The authors "deftly side-stepped" questions related to the ethics of the test and what to do about the findings, said Dr. Brown. "Neither completion nor assent to urine testing could be compulsory," he emphasized. "But then, nor is progression to expensive tests for benign, curable causes of resistant hypertension – without resistance to treatment being first demonstrated."

Dr. Brown is a professor of clinical pharmacology at the University of Cambridge, England. He reported that he had no conflicts of interest. These remarks were taken from his editorial accompanying Dr. Tomaszewski’s report (Heart 2014 April 3 [doi: 10.1136/heartjnl-2013-305063]).


 

FROM HEART

Urine testing of patients with hypertension revealed that 25% were partially or totally nonadherent to treatment, researchers reported online April 3 in the journal Heart.

Furthermore, nonadherence was linearly related to increased systolic and diastolic blood pressures during clinic visits and 24-hour mean daytime diastolic blood pressure (P < .006 for all), reported Dr. Maciej Tomaszewski of the University of Leicester, England, and his associates.

Using a urine test available to commercial labs, the investigators tested 208 patients for 40 of the most common antihypertensive medications and their metabolites by performing high-performance liquid chromatography–tandem mass spectrometry of spot urine samples. Patients were either newly referred (n = 125), followed up for inadequately controlled blood pressure (66), or referred for renal denervation (17), the investigators reported (Heart 2014 April 3 [doi: 10.1136/heartjnl-2013-305063]).
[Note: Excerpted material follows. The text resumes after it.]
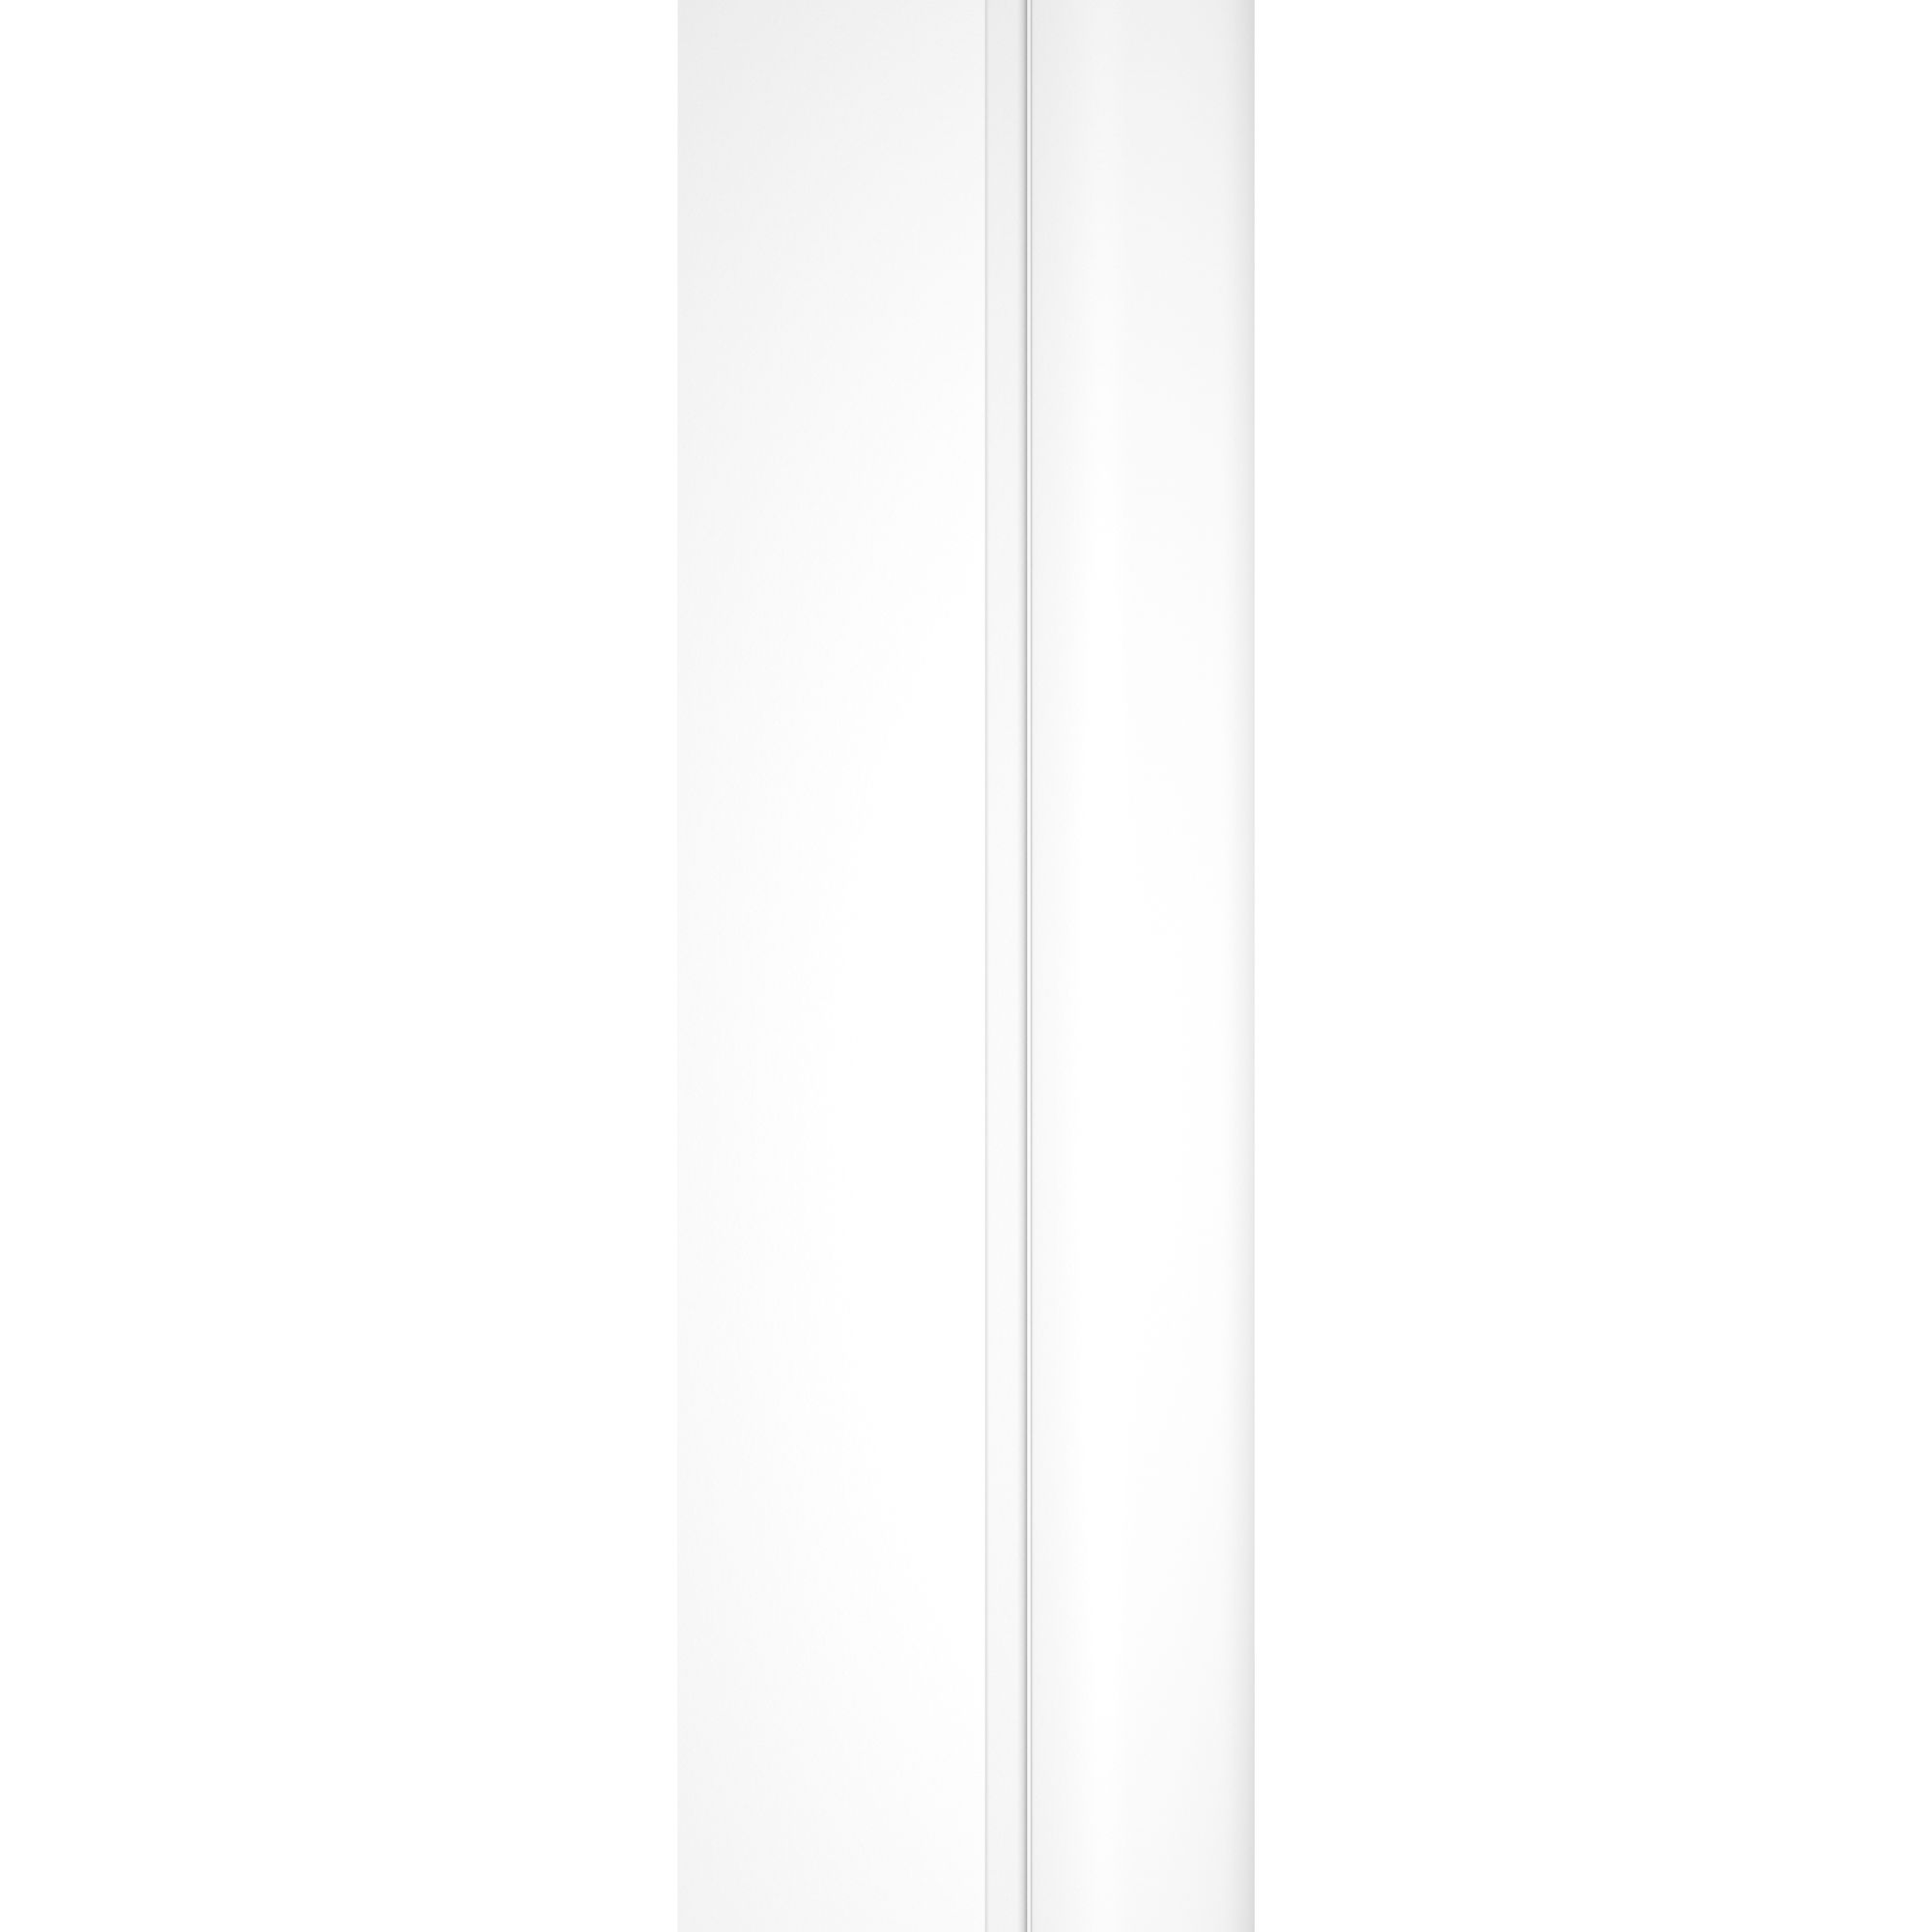 Schulte pare-baignoire rabattable 104 x 130 cm, verre 5 mm, paroi de baignoire mobile 2 volets, écran de baignoire pivotant, profilé blanc 3

Nonadherence was particularly common among patients whose hypertension was inadequately controlled (28.8%) or who were referred for renal denervation (23.5%), the investigators said. Without routine urine screening, nonadherent patients might receive or undergo unnecessary tests, procedures, or treatments for perceived nonresponse to treatment, said Dr. Tomaszewski, who is also with the National Institute for Health Research (NIHR) Leicester Biomedical Research Unit in Cardiovascular Disease, and his colleagues.

Larger, multicenter studies should directly estimate biochemical nonadherence in other populations and assess the cost-effectiveness of screening for nonadherence compared with the overall cost of managing resistant hypertension, the investigators said.

Dr. Tomaszewski and five of his associates reported receiving research and other support from the British Heart Foundation and the NIHR.